I am not saying that they have to stop wearing makeup and start looking like a description coined by that great midtwentieth century populist, Mr. Fred Sanford, "the little outhouse on the prairie." All I'm saying is that why can't they try to be just slightly intellectually curious.
Maybe it has to do with the denigration of liberal arts, or glorifying beauty pagents for five year olds, or the media turning nitwits like Paris Hilton and Jessica Simpson into roll models. But somehow we have made a serious wrong turn with young women and I don't know how to get it back.
As a child of the seventies who ran ramps (modeled) as a way of making money for college, I too am appalled at young women today. You're so right, what happened to wanting to be smart and independent and an interesting woman? Where did it go?
I am not saying that they have to stop wearing makeup and start looking like a description coined by that great midtwentieth century populist, Mr. Fred Sanford, "the little outhouse on the prairie." All I'm saying is that why can't they try to be just slightly intellectually curious.
Maybe it has to do with the denigration of liberal arts, or glorifying beauty pagents for five year olds, or the media turning nitwits like Paris Hilton and Jessica Simpson into roll models. But somehow we have made a serious wrong turn with young women and I don't know how to get it back.
I think this is a duplicate
Another thought. All young people have to rebel. The more tied they are to their mothers, the stronger the rebellion. It really is part of growing up. How better to rebel against an independent, intellectual mother, than to try and be a Jessica Simpson wannabe. Problem is, when they've closed off all of their options and they're thirty. Life is not quite the same.
Back in the day, there was a book all of my friends and I read, it was called "The Woman's Room," It should be required reading for all young women.
It might also be instructive for them to understand, that you and I did not start the women's movement, our mothers did. They did for reasons they will, unfortunately, come to understand.
This probably isn't a rant I should get started on.......but can't resist. My take on this would be many girls of today don't have to DO for anything because their parents provide it all for them. Because of that they have no sense about needing to take provide for themselves. Hence, the believe they can afford to be cute dingbats. Wait until the real world hits them in the face..... but for now they think being successful does mean being mirrors of Jessica and Paris.
Just letting those two names roll off my fingertips as "role models" makes me cringe.

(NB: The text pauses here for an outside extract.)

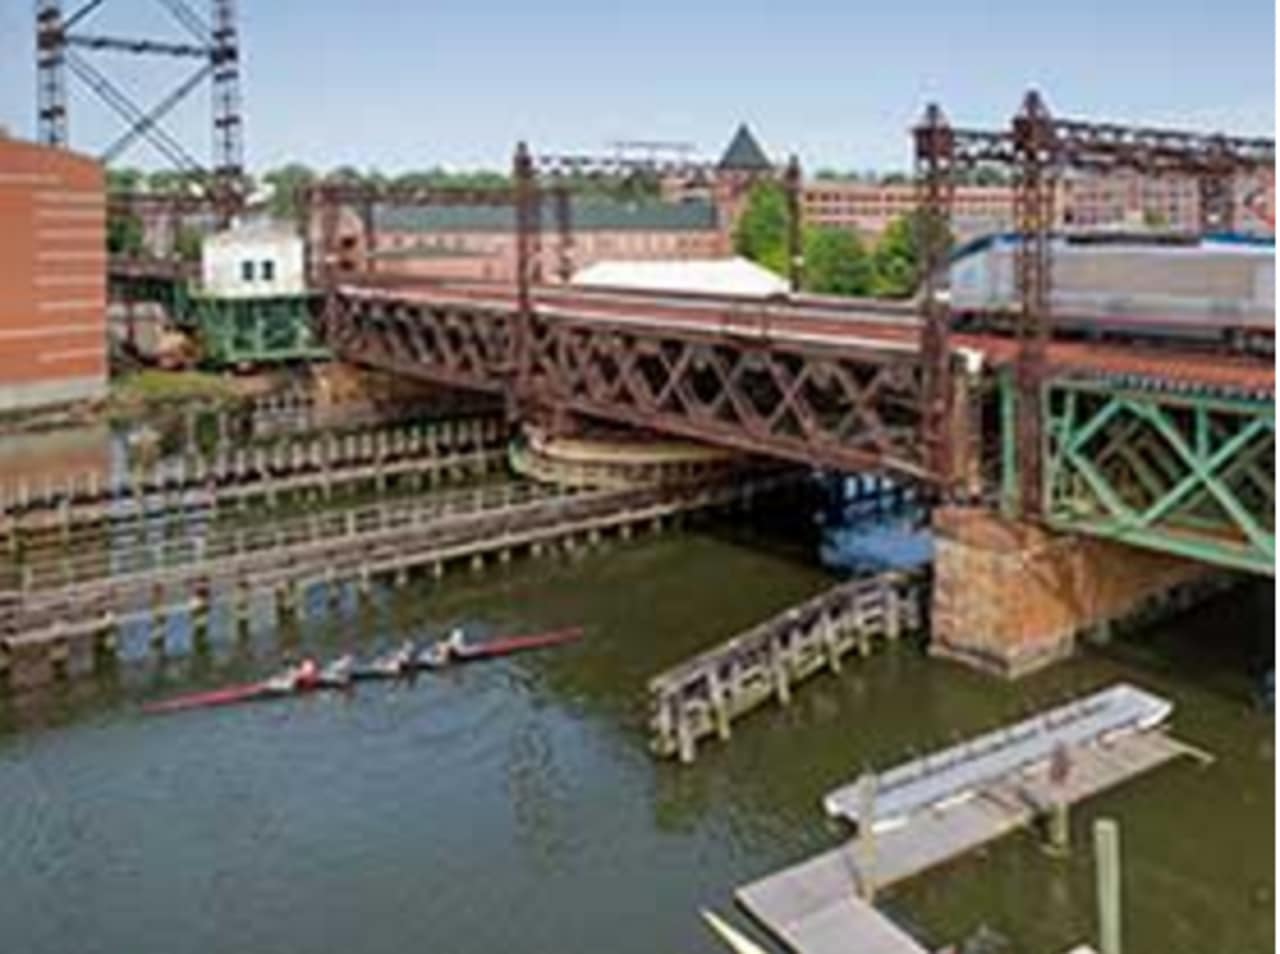 The Walk bridge carries Metro-North and Amtrak trains over the Norwalk River at the mouth of the Norwalk Harbor. It swings open to allow marine traffic to pass through.

Ohhh...let me tell you...trying to raise a teenage girl today is tough. I have to remind my daughter a lot that taking care of oneself so that they are healthy is the secret to beauty, that learning is something she needs to never stop doing and that a personality is an absolute must in life.

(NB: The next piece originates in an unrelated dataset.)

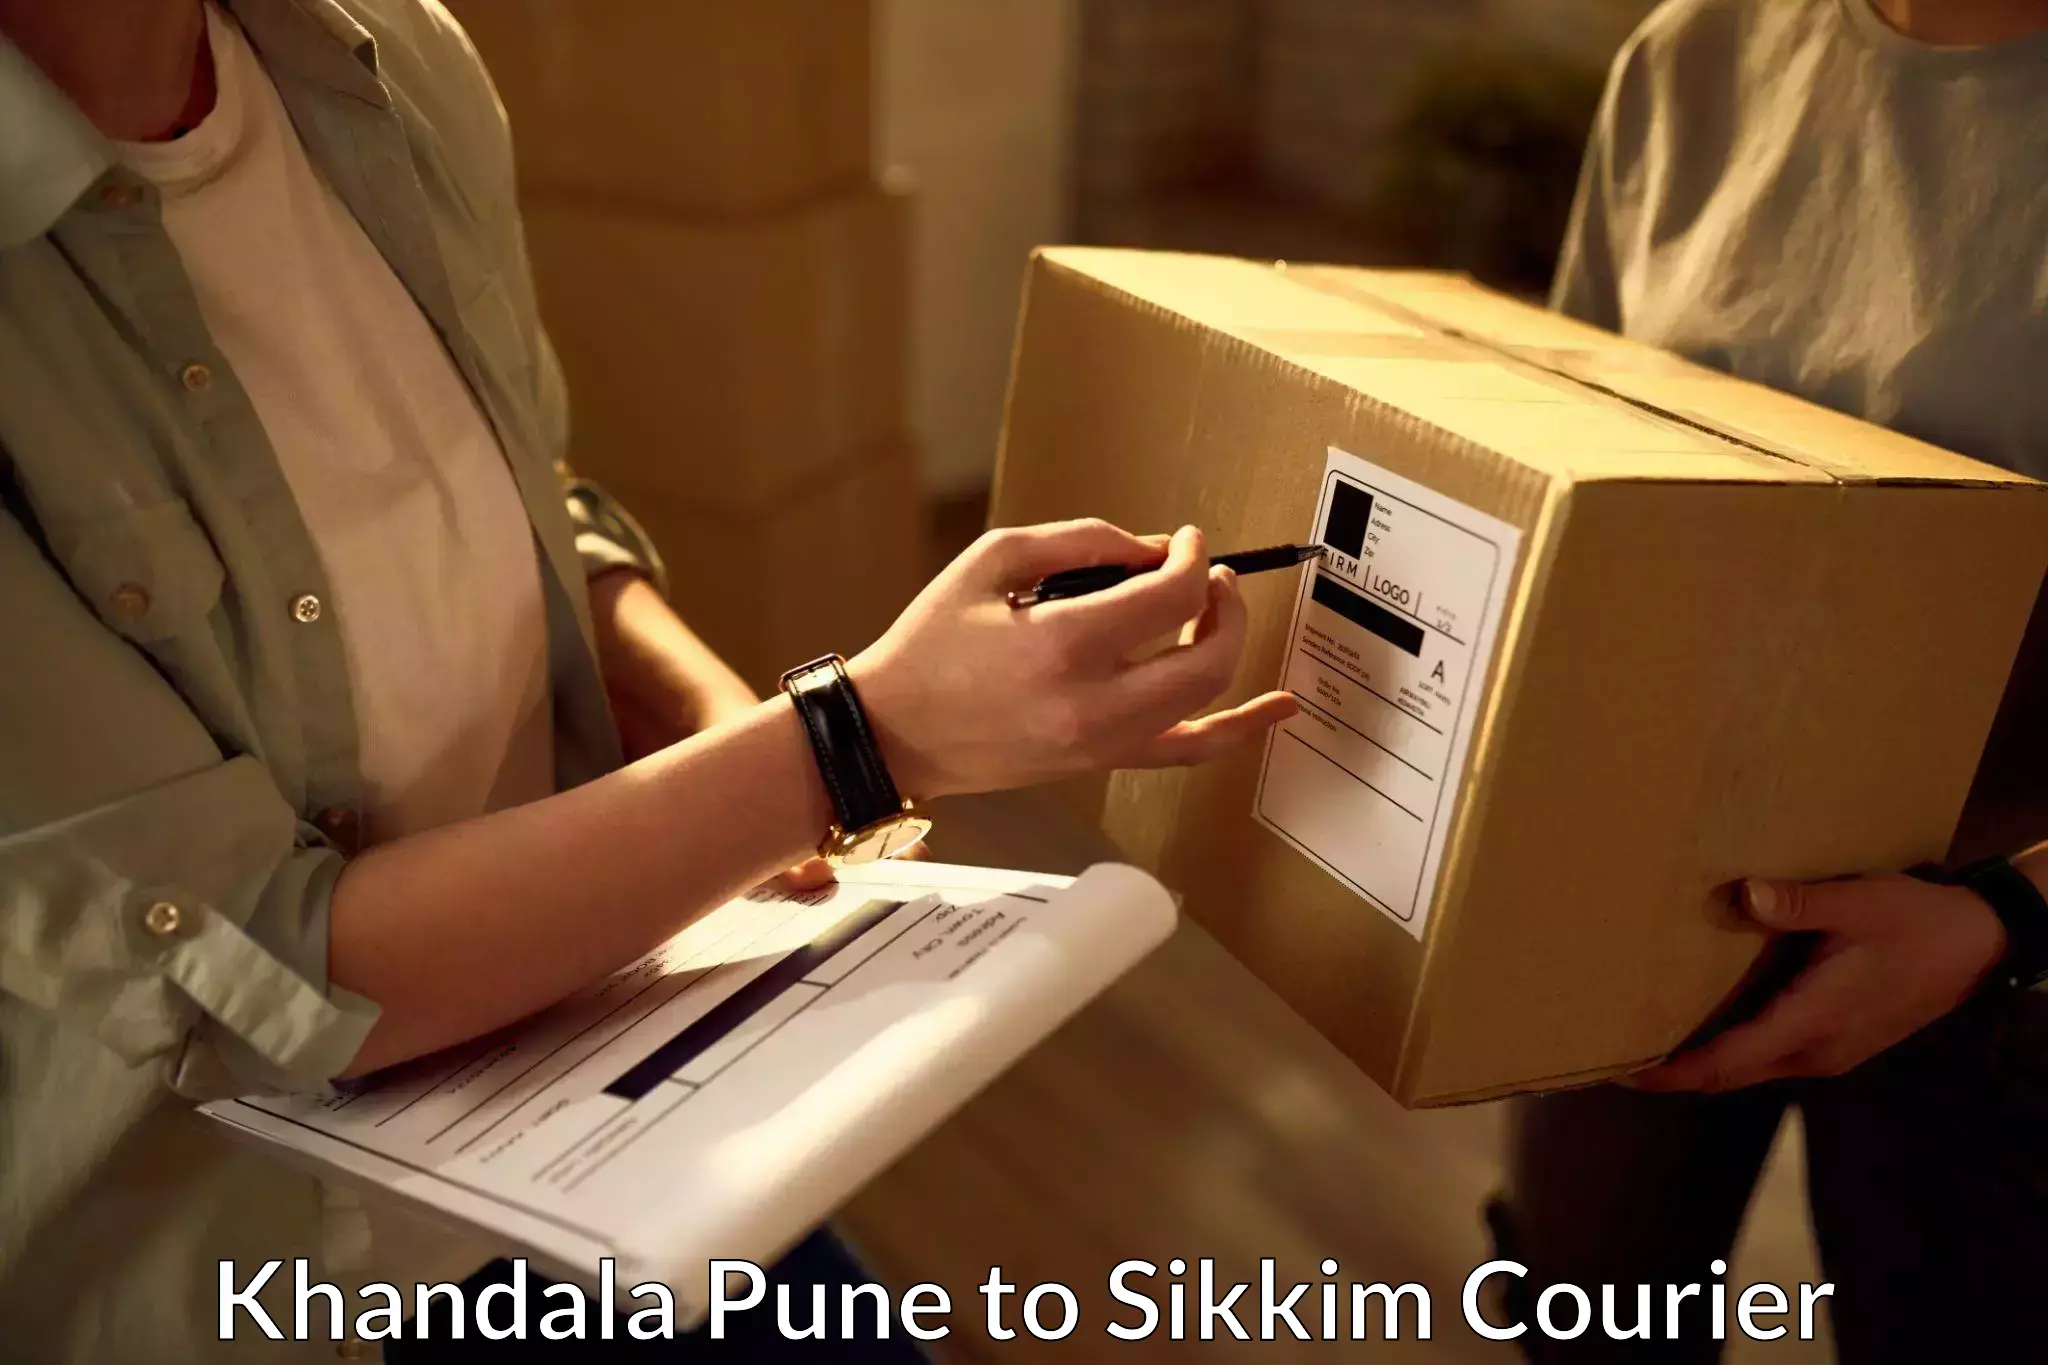 State-of-the-art courier technology Khandala Pune to South Sikkim

It's amazing to me the number of kids these days that have the personality of a stick. They are so wrapped up in all of their little electronic gadgets that I don't think a lot of them actually interact with people much. Texting someone you are in the same room with? R.e.a.l.l.y??? Give me a break!
And even their cutsie little 'family' shows have them being bombarded with overly dramatic d.r.a.m.a created by selfish, but gorgeous and dressed to the nines teenage girls.
I guess that makes me sound like a kumudgen too? LOL
Isn't Jessica the dumb blond that didn't know tuna was "Chicken of the Sea"? Yep, what a role model.